24.5.10

SOUVENIR

¿Quién no ha comprado alguna vez un souvenir? Si, un souvenir. Esos objetos que traemos de los lugares turísticos que visitamos. Textualmente, souvenirs son aquellos objetos –postales, afiches, prendas…- comprados en esos sitios a los que viajamos y que utilizamos para rememorar nuestro viaje cuando éste ya ha finalizado. Al mirarlo, nos acordamos del ese sitio en el que estuvimos. El objeto se convierte así en un fetiche de la memoria, pues nuestro recuerdo, su reminiscencia, queda enlazado a dicho objeto. Y la persona que los fabrica, lo hace con esa finalidad. Es por eso que no podemos considerar como souvenir, por ejemplo, una foto realizada por nosotros. Ni un objeto de uso cotidiano comprado en el lugar visitado tiene esa categoría. También el souvenir se adquiere para ser regalado a alguien que no ha visitado el lugar: lo compramos con el ánimo de llevarle a ese amigo o familiar una parte de ese lugar que nos ha gustado conocer.

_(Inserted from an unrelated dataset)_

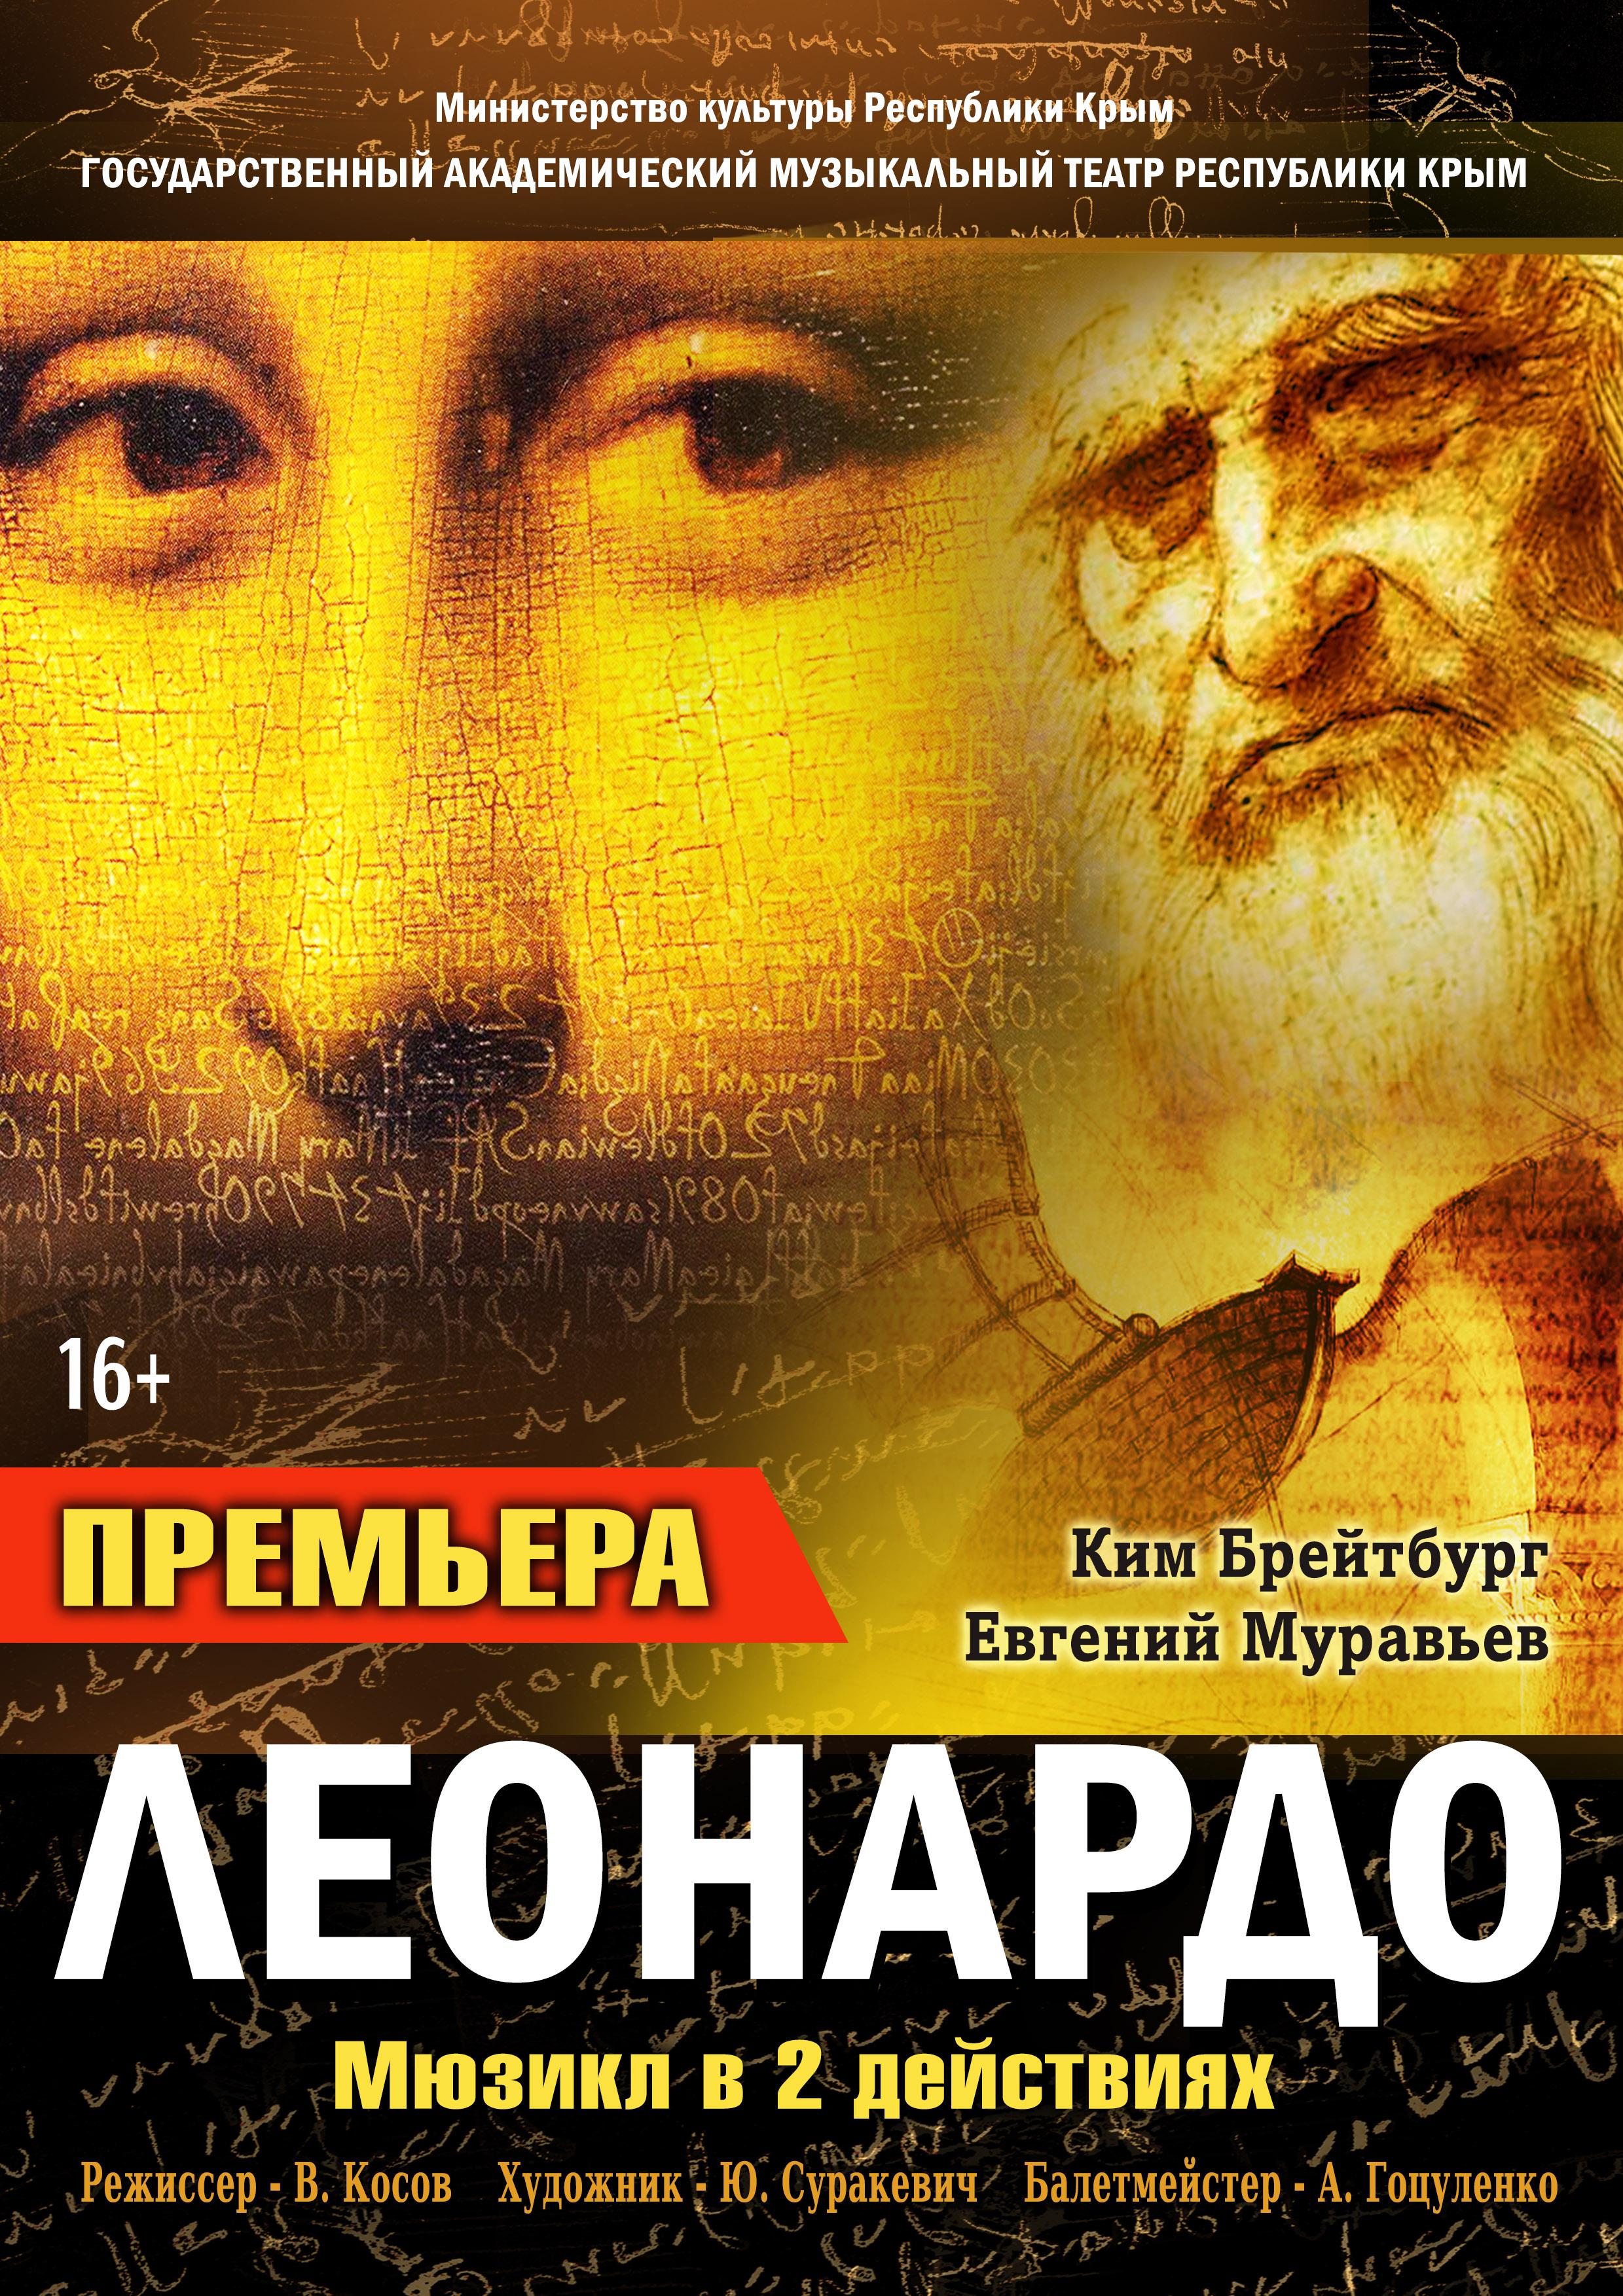 Афиша ЛЕОНАРДО А1

¿Tiene sentido comprar un souvenir en tu propia ciudad? Si es para regalarlo, tal vez. Pero si el souvenir es para nosotros, ese acto es un poco absurdo. En cualquier caso nuestra ciudad no abundan los souvenirs. Eso sí: la cadena Kukuxumusu distribuye sus productos en Gasteiz. Kukuxumusu se fundó en Pamplona en 1989. La única pretensión –según declaran los artífices de la empresa:
Gonzalo, Koldo y Mikel- fue hacer algo divertido y sacar pasta para tomarse unos vinos. Con esa finalidad se pusieron a vender camisetas para turistas con dibujos del encierro de San Fermines. Y es que las que había por aquel entonces no les gustaban mucho. La idea fue un éxito así que probaron fortuna en las ciudades vecinas, pero con nuevos dibujos. Y volvieron a dar en el clavo. A ellos hay que agradecerles haber sabido actualizar el concepto de souvenir, digiriéndose a un sector de la población más joven. Aunque a mí personalmente me siguen gustando más los souvenirs de antaño: las figuritas que representan monumentos, las bolas de cristal con nieve… ¿Se acuerdan de Ciudadano Kane? En la primera escena Kane expira su último aliento pronunciando una misteriosa palabra: “Rosebud”. En dicha escena vemos la mano del moribundo dejando caer una bola de cristal. Una bola de cristal con una casita y nieve que, como se desvelará a lo lardo de la película, es un recuerdo de su infancia, del trineo con el que jugaba al que llamaba “Rosebud”. En el fondo la trama esta película -considerada como uno de los mejores filmes de la historia del cine- gira alrededor de un souvenir. No me puedo imaginar a Kane dejando caer un objeto fabricado por Kukuxumusu.